Work instruction. Report each line of the records below that uses the word "para".

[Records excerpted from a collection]
═══

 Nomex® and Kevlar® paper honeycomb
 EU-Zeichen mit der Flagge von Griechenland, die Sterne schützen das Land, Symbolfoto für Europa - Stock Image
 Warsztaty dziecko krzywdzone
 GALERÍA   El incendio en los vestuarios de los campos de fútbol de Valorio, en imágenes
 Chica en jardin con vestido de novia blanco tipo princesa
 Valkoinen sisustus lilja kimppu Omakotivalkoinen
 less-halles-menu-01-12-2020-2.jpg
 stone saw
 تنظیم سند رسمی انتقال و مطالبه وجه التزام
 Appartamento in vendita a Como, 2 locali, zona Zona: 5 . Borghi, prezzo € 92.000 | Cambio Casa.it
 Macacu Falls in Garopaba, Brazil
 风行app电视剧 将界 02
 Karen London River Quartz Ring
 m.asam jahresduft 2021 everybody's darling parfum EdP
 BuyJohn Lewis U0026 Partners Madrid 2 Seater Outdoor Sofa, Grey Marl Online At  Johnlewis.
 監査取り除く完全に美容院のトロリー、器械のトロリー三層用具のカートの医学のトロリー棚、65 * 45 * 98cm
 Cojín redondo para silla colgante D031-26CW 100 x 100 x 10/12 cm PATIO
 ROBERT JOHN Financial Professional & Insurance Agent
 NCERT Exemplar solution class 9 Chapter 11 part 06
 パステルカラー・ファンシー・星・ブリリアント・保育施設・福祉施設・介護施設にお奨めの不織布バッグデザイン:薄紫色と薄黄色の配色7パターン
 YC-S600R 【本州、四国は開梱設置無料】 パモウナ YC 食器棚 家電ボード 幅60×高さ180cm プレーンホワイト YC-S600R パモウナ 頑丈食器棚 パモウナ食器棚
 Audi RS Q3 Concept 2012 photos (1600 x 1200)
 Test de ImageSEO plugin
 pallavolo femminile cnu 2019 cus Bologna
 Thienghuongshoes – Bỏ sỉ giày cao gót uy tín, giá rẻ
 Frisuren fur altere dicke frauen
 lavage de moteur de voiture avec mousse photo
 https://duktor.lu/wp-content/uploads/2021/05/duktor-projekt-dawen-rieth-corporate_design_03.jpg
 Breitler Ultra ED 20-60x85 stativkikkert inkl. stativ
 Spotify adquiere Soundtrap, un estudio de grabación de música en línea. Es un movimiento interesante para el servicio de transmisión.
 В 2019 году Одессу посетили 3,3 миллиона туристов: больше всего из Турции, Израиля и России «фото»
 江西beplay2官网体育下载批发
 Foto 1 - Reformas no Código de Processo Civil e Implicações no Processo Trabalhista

═══

Answer to this problem.
 Cojín redondo para silla colgante D031-26CW 100 x 100 x 10/12 cm PATIO
 Spotify adquiere Soundtrap, un estudio de grabación de música en línea. Es un movimiento interesante para el servicio de transmisión.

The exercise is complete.